See the Slurm quickstart for the Terraform flow and additional details, including the full flag reference.
Prerequisites
- A Crusoe Cloud account with an active project. See Create an account.
- The Crusoe CLI installed and authenticated.
- An SSH public key registered on your account. See Manage your SSH keys.
1. Create a Slurm cluster
- CLI
- UI
Create a Managed Slurm cluster with a single command. This provisions the underlying Kubernetes cluster, Slurm controller, login nodes, and shared storage, and installs the required add-ons automatically.

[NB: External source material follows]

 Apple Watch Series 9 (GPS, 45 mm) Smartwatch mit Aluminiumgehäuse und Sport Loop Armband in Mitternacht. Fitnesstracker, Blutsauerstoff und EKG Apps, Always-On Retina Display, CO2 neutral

crusoe slurm clusters create \
--name my-slurm-cluster \
--location us-southcentral1-a \
--keyfile ~/.ssh/id_ed25519.pub
The command waits for the operation to complete and prints the result.
2. Add worker nodes
Worker capacity is provided by node sets attached to the cluster. You can create GPU (NVIDIA) node sets for training and inference workloads, or CPU-only node sets for preprocessing, orchestration, or other auxiliary workloads.
- CLI
- UI
crusoe slurm nodesets create \
--name gpu-workers \
--cluster-name my-slurm-cluster \
--type b200-180gb-sxm-ib.8x \
--count 2 \
--ib-partition-id <IB_PARTITION_ID>
Use --ib-partition-id for multi-node InfiniBand workloads. See Supported GPU Types for available instance types.

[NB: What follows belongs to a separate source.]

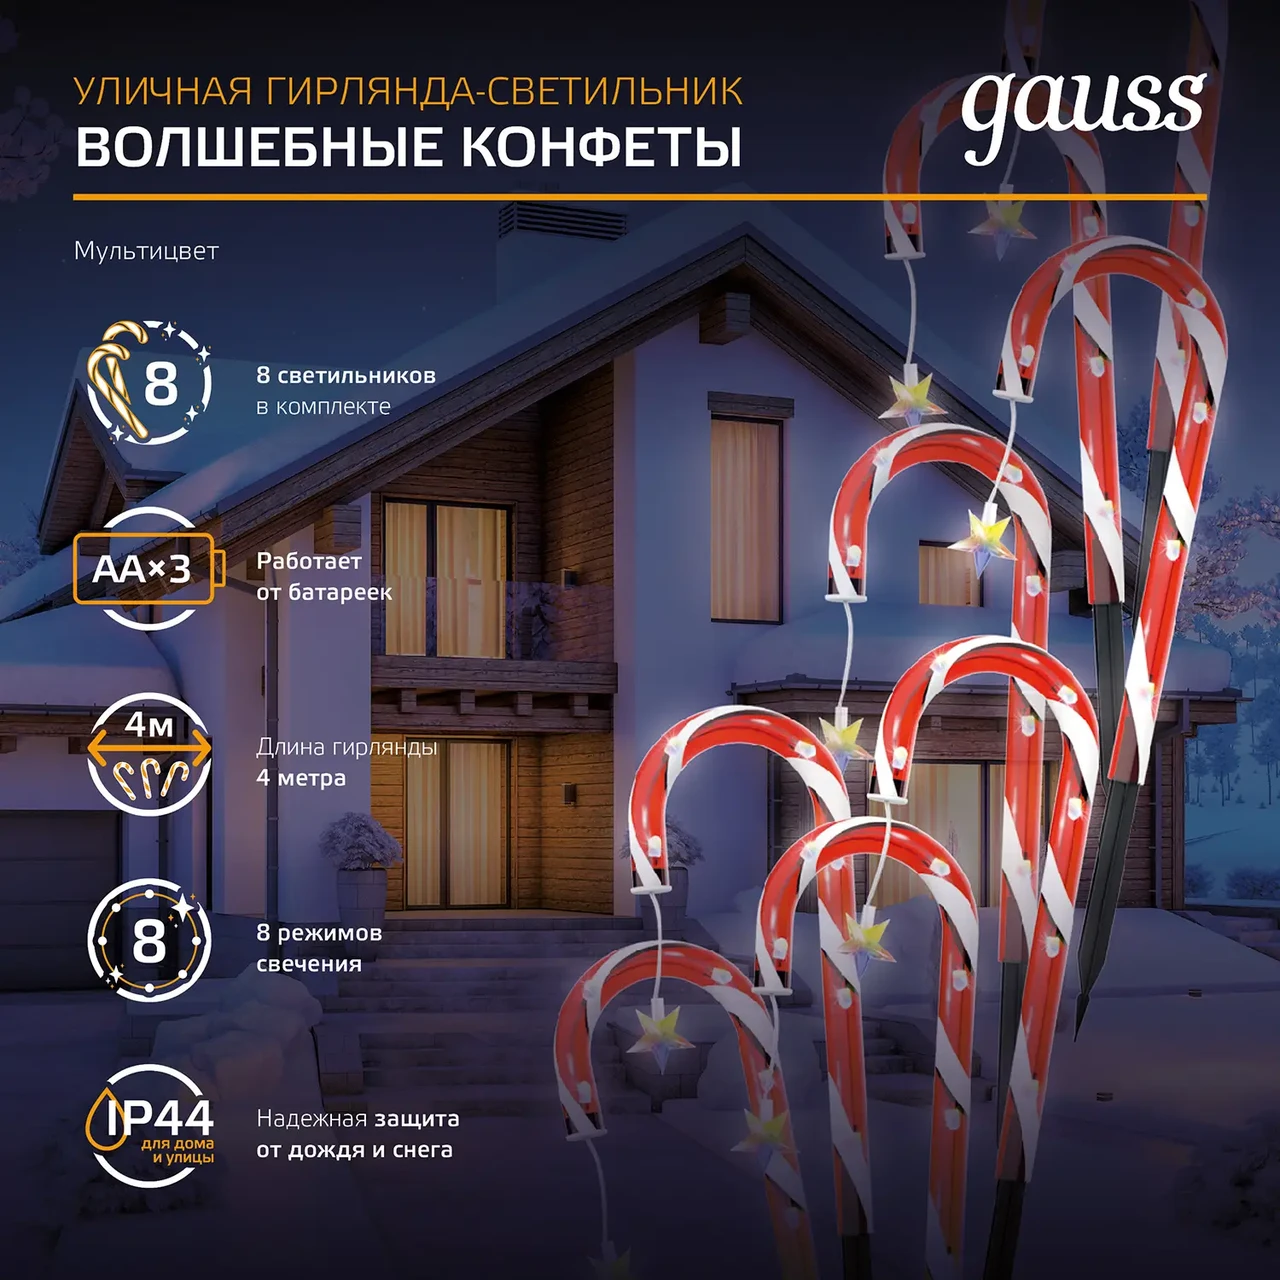 Светильник новогодний Gauss Holiday " Волшебные конфеты", IP44 мультицвет LED 1/8, фото 1

- From your Slurm cluster's page in the console, click + Create Nodeset.
- In the Create Nodeset modal, accept the auto-generated name or enter your own.
- Choose the workload type: NVIDIA or CPU Only.
- Select an Instance Type and fill out the remaining required fields.
- Click Create Nodeset.
3. Connect and submit a job
- CLI
- UI
Grab the login-node endpoint from crusoe slurm clusters get <cluster>, then SSH into the cluster and confirm the scheduler is up:
ssh root@<LOGIN_NODE_ENDPOINT>
sinfo
# Worker nodes should show as idle and ready.
srun --gpus=8 nvidia-smi
Next steps
Decide how you want to use your cluster:
- Train models—Run distributed training on B200 GPUs with InfiniBand interconnects, using frameworks like PyTorch DDP, NVIDIA NeMo, DeepSpeed, and Ray Train. Multi-node jobs scale across the cluster's IB fabric without additional configuration on your end.
- Serve models—Run vLLM, NVIDIA Triton, or your own inference stack on hardware you control, colocated with your data and free from third-party rate limits. Autoscale replicas with the Cluster Autoscaler on CMK, or fix capacity with a dedicated Slurm partition.
- Run data processing—Execute GPU-accelerated preprocessing, embedding generation, or synthetic data pipelines with RAPIDS, Ray Data, or Spark on GPU. Reuse the same cluster for training and preprocessing to keep data close to the compute.